Food for thought, there’s probably a 50-year-old algorithm that solves your problem better than whatever you’re about to implement. If you read this far, let me know if you know what algorithms you find exciting!
Footnotes:
- The original 1975 paper Efficient string matching: An aid to bibliographic search is surprisingly readable.
- Margaret J. Corasick’s PhD dissertation (1974) was “securing proprietary data within open systems” - early information security. Sad that she doesn’t have her own Wikipedia page, despite her algorithm and Alfred Aho (he’s the ‘A’ in AWK - Aho, Weinberger, Kernighan) both having their own Wikipedia pages.
- There’s a Python library called
pyahocorasickthat’s implemented in C for production use. I’m sure it’s way faster than my version, but the principles are identical.

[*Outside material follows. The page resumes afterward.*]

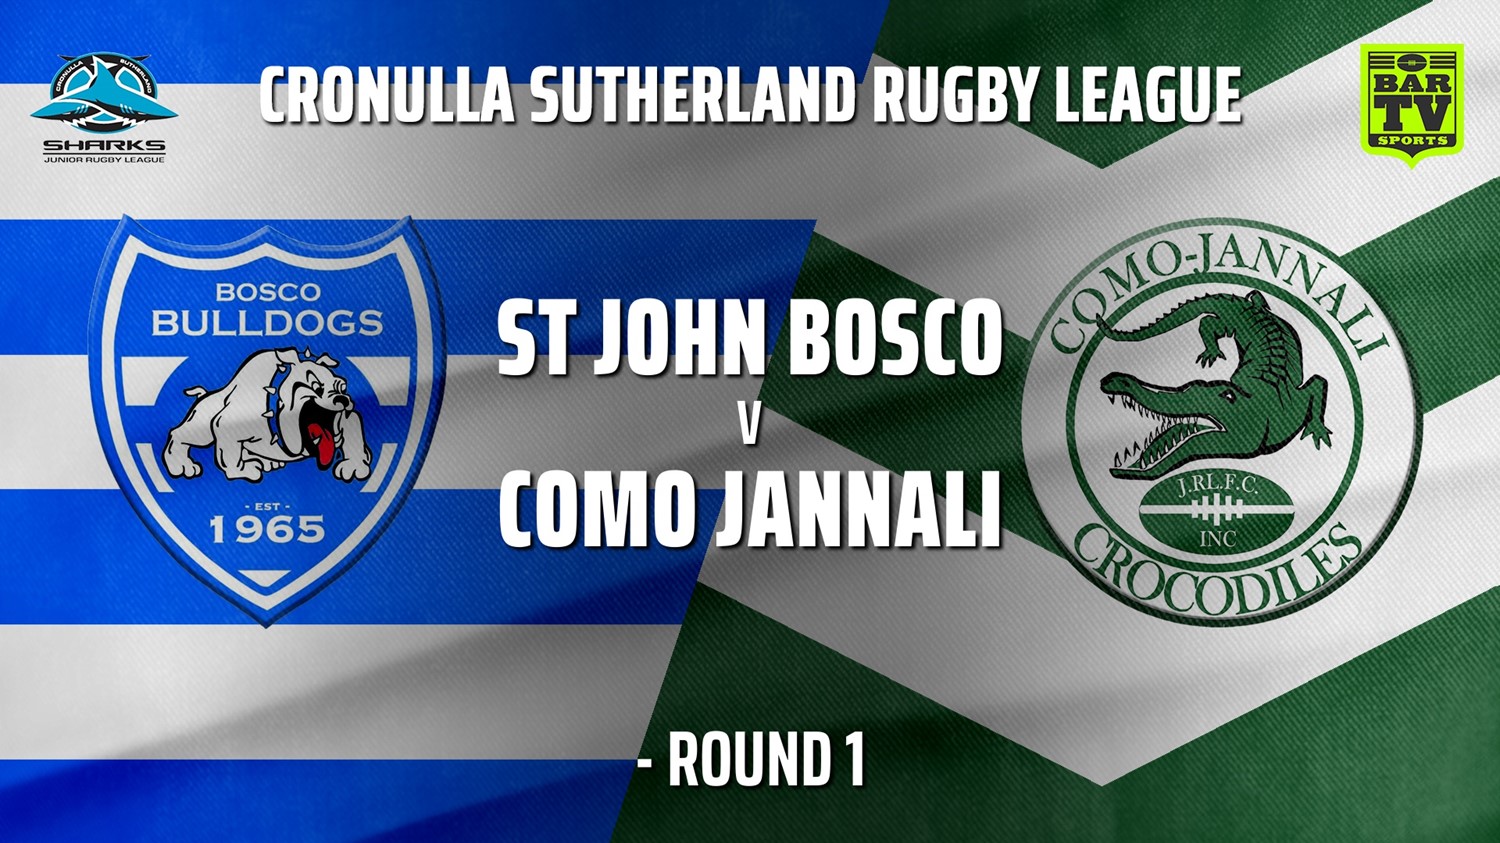 210501-Cronulla JRL Southern Under 13s SILVER Round 1 - St John Bosco Bulldogs v Como Jannali Crocodiles (2) Minigame Slate Image
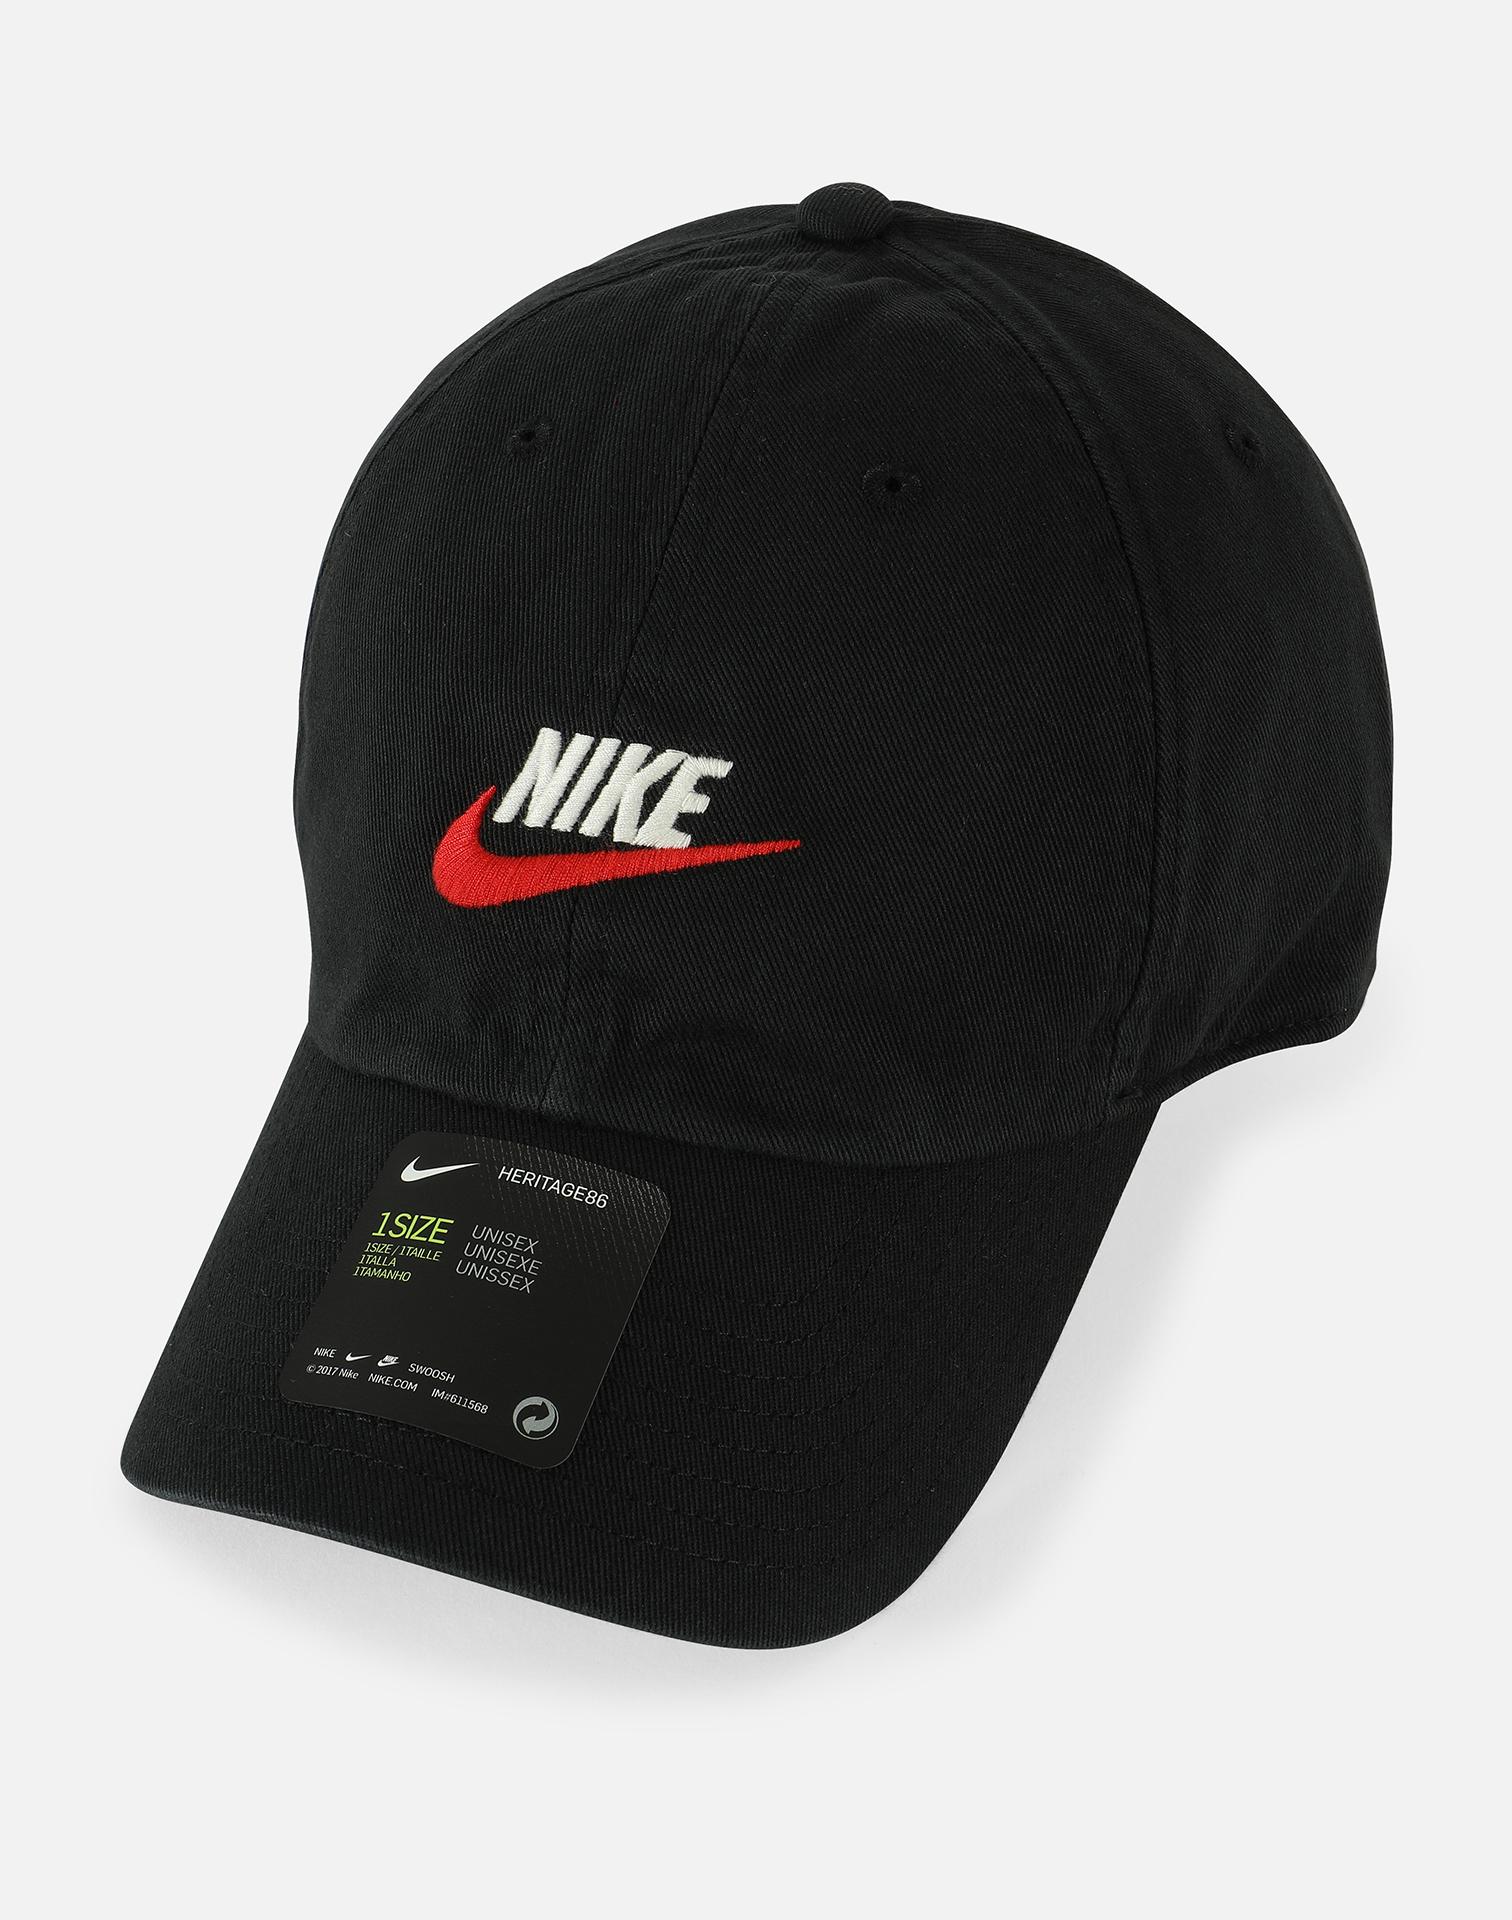 Nike Cotton Nsw H86 Futura Cap in Black for Men - Lyst

I’ll run a benchmark soon. - KMP (Knuth-Morris-Pratt) uses a similar approach for compiling patterns into a finite automata. Basically
ahocorasickfor a single pattern. Both precompute a structure and exploit prefixes that show up. - The Aho-Corasick automaton can become massive - O(total characters in all keywords). If you have millions of patterns, it might need significant memory.